A Holocaust survivor's surprising and thought-provoking study of forgiveness, justice, compassion, and human responsibility, featuring contributions from the Dalai Lama, Harry Wu, Cynthia Ozick, Primo Levi, and more. You are a prisoner in a concentration camp. A dying Nazi soldier asks for your forgiveness. What would you do? While imprisoned in a Nazi concentration camp, Simon Wiesenthal was taken one day from his work detail to the bedside of a dying member of the SS. Haunted by the crimes in which he had participated, the soldier wanted to confess to--and obtain absolution from--a Jew. Faced with the choice between compassion and justice, silence and truth, Wiesenthal said nothing. But even years after the way had ended, he wondered: Had he done the right thing? What would you have done in his place? In this important book, fifty-three distinguished men and women respond to Wiesenthal's questions. They are theologians, political leaders, writers, jurists, psychiatrists, human rights activists, Holocaust survivors, and victims of attempted genocides in Bosnia, Cambodia, China and Tibet. Their responses, as varied as their experiences of the world, remind us that Wiesenthal's questions are not limited to events of the past.

The Silence

The Silence
Author: Susan Allott
Publisher: HarperCollins
Total Pages: 336
Release: 2020-05-01
Genre: Fiction
ISBN: 0008389780

Longlisted for the New Blood Dagger Award 2021 'A darkly gripping and addictive read. I tore through it in a few days’ ESTHER FREUD 'Deeply engrossing ... an exquisite literary thriller’ PHILIPPA EAST ‘Emotionally wrenching’ WALL STREET JOURNAL ‘Impossible to put down’ TREVOR WOOD

Silence

Silence
Author: Diarmaid MacCulloch
Publisher: Penguin
Total Pages: 353
Release: 2013-09-12
Genre: Religion
ISBN: 1101638060

A provocative meditation on the role of silence in Christian tradition by the New York Times bestselling author of Christianity We live in a world dominated by noise.

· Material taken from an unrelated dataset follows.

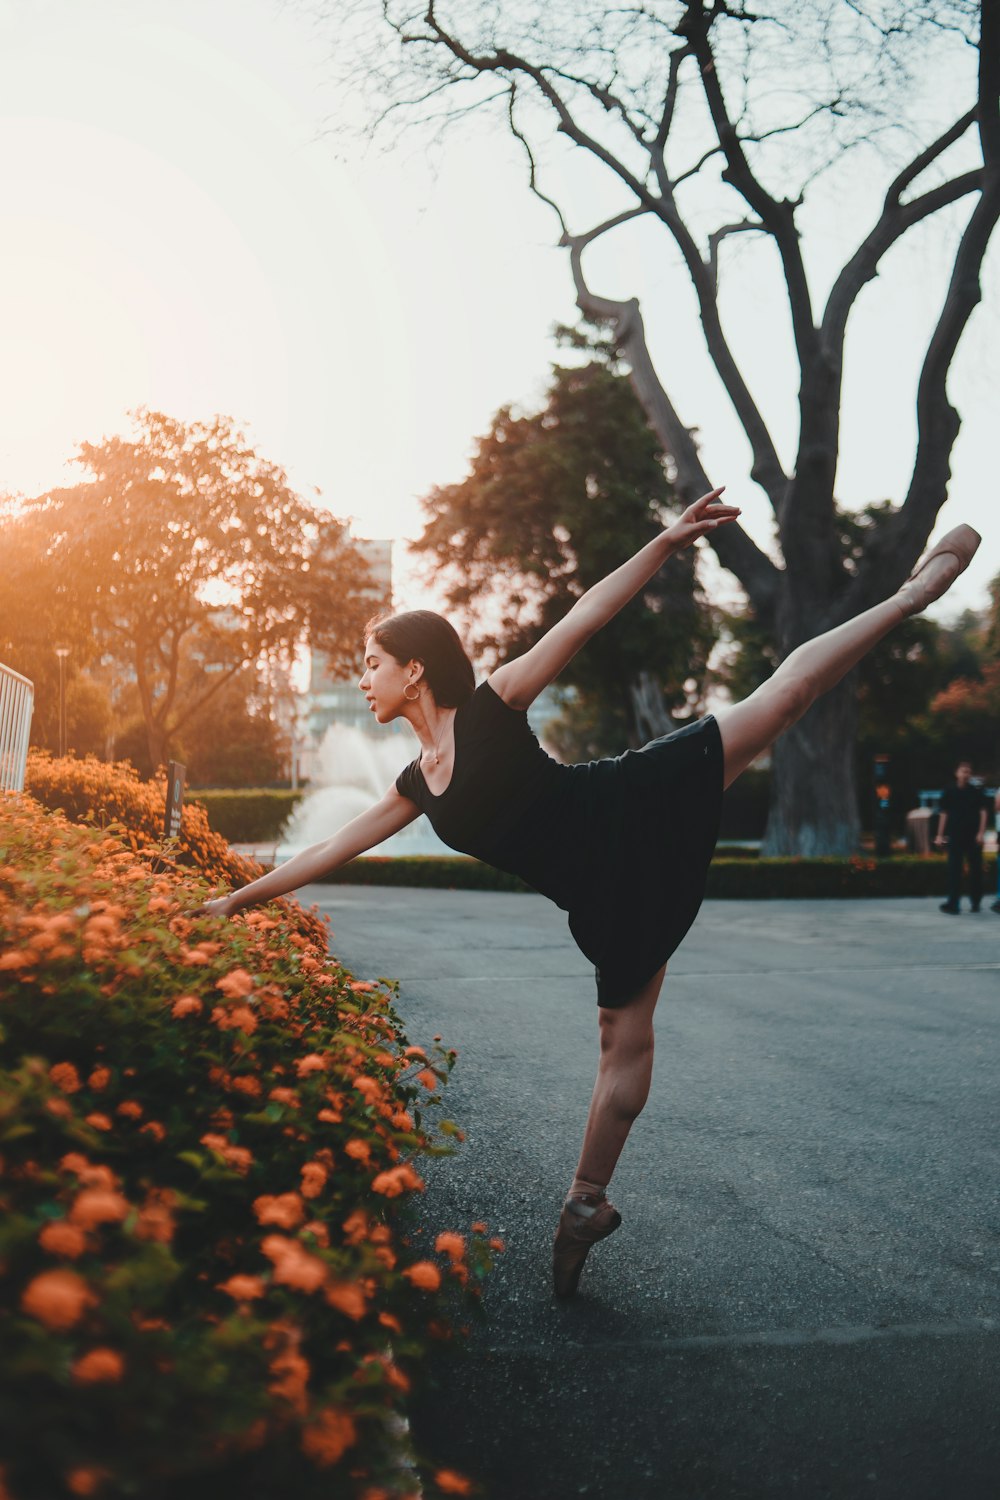 Frau tanzt Ballett in der Nähe von Blumen

Religion is, for many, a haven from the clamor of everyday life, allowing us to pause for silent contemplation. But as Diarmaid MacCulloch shows, there are many forms of religious silence, from contemplation and prayer to repression and evasion. In his latest work, MacCulloch considers Jesus’s strategic use of silence in his confrontation with Pontius Pilate and traces the impact of the first mystics in Syria on monastic tradition. He discusses the complicated fate of silence in Protestant and evangelical tradition and confronts the more sinister institutional forms of silence. A groundbreaking book by one of our greatest historians, Silence challenges our fundamental views of spirituality and illuminates the deepest mysteries of faith.

Guilt about the Past

Guilt about the Past
Author: Bernhard Schlink
Publisher: Univ. of Queensland Press
Total Pages: 93
Release: 2013-04
Genre: History
ISBN: 0702251933

From the author of the international bestselling novel The Reader comes a compelling collection of six essays exploring the long shadow of past guilt, not just a German experience, but a global one as well.?I know of no other writer who engages with the struggle between the individual and the political world as deftly - and poetically - as Bernhard Schlink.' - The Herald Bernhard Schlink explores the phenomenon of guilt and how it attaches to a whole society, not just to individual perpetrators. He considers how to use the lesson of history to motivate individual moral behaviour, how to.